VIRAHA
Paiton, 17 Maret
2017
Viraha
(n) realization of love through separation.
-Nawafil Fil-
Dari
balik jendela. Seorang pria tampak berkali-kali membetulkan posisi kacamatanya
yang melorot, dengan telunjuk tangan kanannya. Matanya sembab meski belum
terlihat gerimis turun di kedua pipinya. Wajahnya lusuh. Mensyaratkan resah dan
gelisah. Sedang bibirnya tak henti mengatup lemah. Merapal doa yang sama.
Berkali-kali. Tanpa mempedulikan sudah berapa jumlah hitungannya.
***
Langit
hitam, juga pekat, masih merajai singgasana malam. Meski terdapat sebuah bulan
dan berjuta bintang yang turut bertahta di atas sana. Suasana kota tampak sepi.
Padahal jarum pendek jam belum beranjak dari angka 8. Sudah pertengahan Maret,
namun hujan masih akrab menyapa bumi. Seorang gadis berjalan dengan sedikit
terburu-buru. Mengingat ransel di punggunya sudah kuyup meski sudah menggunakan
payung yang terpegang di tangan kanannya.
Segerombolan
laki-laki –sebayanya- terlihat sedang bersuka cita dengan botol-botol di
tangan. Gin, Vodka, Bourbon; setidaknya tulisan itulah yang tertempel sebagai
label, yang tak sengaja tertangkap mata oleh gadis itu ketika melintas. Sontak
godaan demi godaan tidak dapat terhindarkan. Entah berupa siulan, panggilan
nama, hingga sentuhan jahil di badan. Gadis itu tidak bergeming. Ia tetap maju
dengan acuh. Melangkah lurus ke depan.
Ia
berasal dari keluarga kaya dan terpandang. Hingga tak heran apabila hampir
semua orang di kota ini mengenalinya, termasuk nama Ayah dan keluarganya.
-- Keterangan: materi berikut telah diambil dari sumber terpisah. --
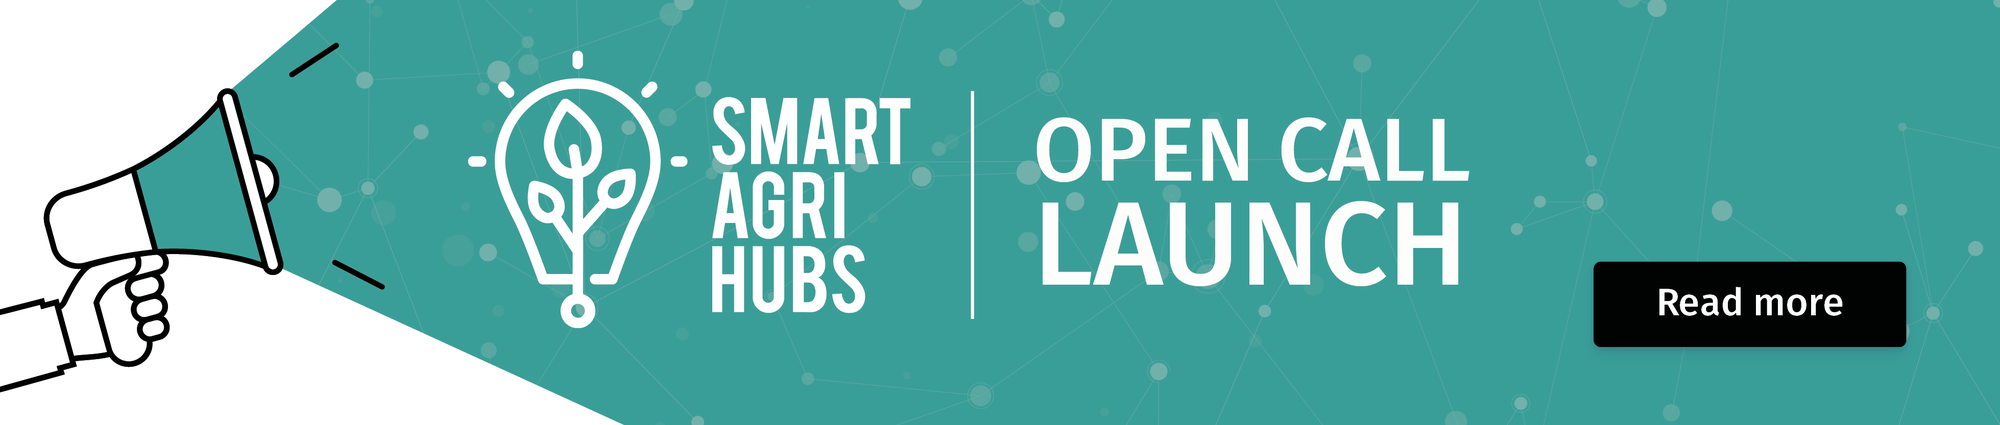 SmartAgriHubs projekt - Open Call výzvy

Ayahnya adalah seorang pebisnis sukses barang-barang ekspor ke berbagai Negara
di dunia. Perusahaannya bahkan sudah tersebar di hampir seluruh Nusantara.
Namun ia harus rela dibatasi dalam hal pergaulan, termasuk sekolahnya. Tanpa
kompromi, ia dimasukkan ke sekolah khusus bisnis agar kelak dapat melanjutkan
usaha Ayahnya walaupun ia adalah seorang wanita.
Padahal
sejatinya ia memiliki cita-cita tersendiri. Cita-cita yang hanya masuk telinga
kiri dan keluar telinga kanan bagi Ayahnya. Cita-cita awalnya sederhana, ialah
menjadi seorang penemu, yang menggeluti dunia sains. Hingga kini beranjak
dewasa, ia semakin mantap untuk mengembangkan kemampuannya dan kelak
berkeinginan meraih Nobel. Kalaupun itu tidak dicapai, setidaknya hasil
temuannya bermanfaat bagi masyarakat. Hingga tak heran bila ia memiliki banyak
rahasia yang tidak diungkapkan kepada Ayahnya, termasuk kepergiannya malam ini.
Gundukan
ransel yang berisi alat-alat eksperimennya tidaklah ringan. Bahkan sampai
memaksa dirinya untuk berjalan sedikit membungkuk. Alat-alat tersebut biasanya
disembunyikan di bawah tempat tidurnya ketika di rumah.
Teori
relativitas.
Mekanika
quantum.
Fisika
atom
Fisika
Material
Begitulah
yang tertulis di buku catatan kecil pada tangan kirinya. Setidaknya itulah yang
membuat kedua matanya sibuk. Mengalihkan perhatian dari laki-laki yang
menggodanya, apalagi ketika sedang melintas di hadapan mereka. Bahkan ketika
mereka saling bertengkar satu sama lain, beberapa langkah setelah gadis itu
melintas.
Hingga
kemudian tanpa sengaja, salah satu laki-laki yang bertengkar terpental ke arah
gadis itu dan menubruknya, sampai keduanya sama-sama terjatuh. Gadis itu
tertindih tubuh laki-laki tersebut. Napasnya terputus-putus. Mulutnya
terbata-bata lirih. Hingga akhirnya tak sadarkan diri. Karena na’as, sebuah belati
yang terpegang oleh laki-laki itu tertusuk tepat pada bagian perutnya.
Te-o-ri
re-la-ti-vi-tas.
Me-mek-ani-ka
qu-a-n-tu-m.
***
Pria
itu terpaku. Matanya semakin sembab. Hingga akhirnya gerimis turun dari balik
matanya ketika melihat sang dokter menurunkan masker yang menutupi mulut seraya
menggelengkan kepala. Seketika gerimis pun berubah menjadi hujan tangis yang
sejadi-jadinya, bersamaan dengan sang dokter menarik selimut hingga menutup
bagian wajah, anaknya yang terbaring di balik balik kaca tempatnya berdiri;
Ruang UGD RS. Nusa Bangsa.
Hingga
akhirnya ia benar-benar tersadar bahwa gadis itu, yang kini terbujur kaku,
putri semata wayangnya, memang sangat mencintai dunia sains yang secara rahasia
digelutinya, termasuk di malam ini. Kini ia hanya bisa memeluk erat ransel
putrinya dan memegang erat buku catatan kecil basah yang hampir semua
tulisannya luntur. Ia sudah terlambat untuk mengakuinya. Ia sudah terlambat
untuk menyadarinya. Karena putrinya, bidadari kesayangannya, kini telah tiada.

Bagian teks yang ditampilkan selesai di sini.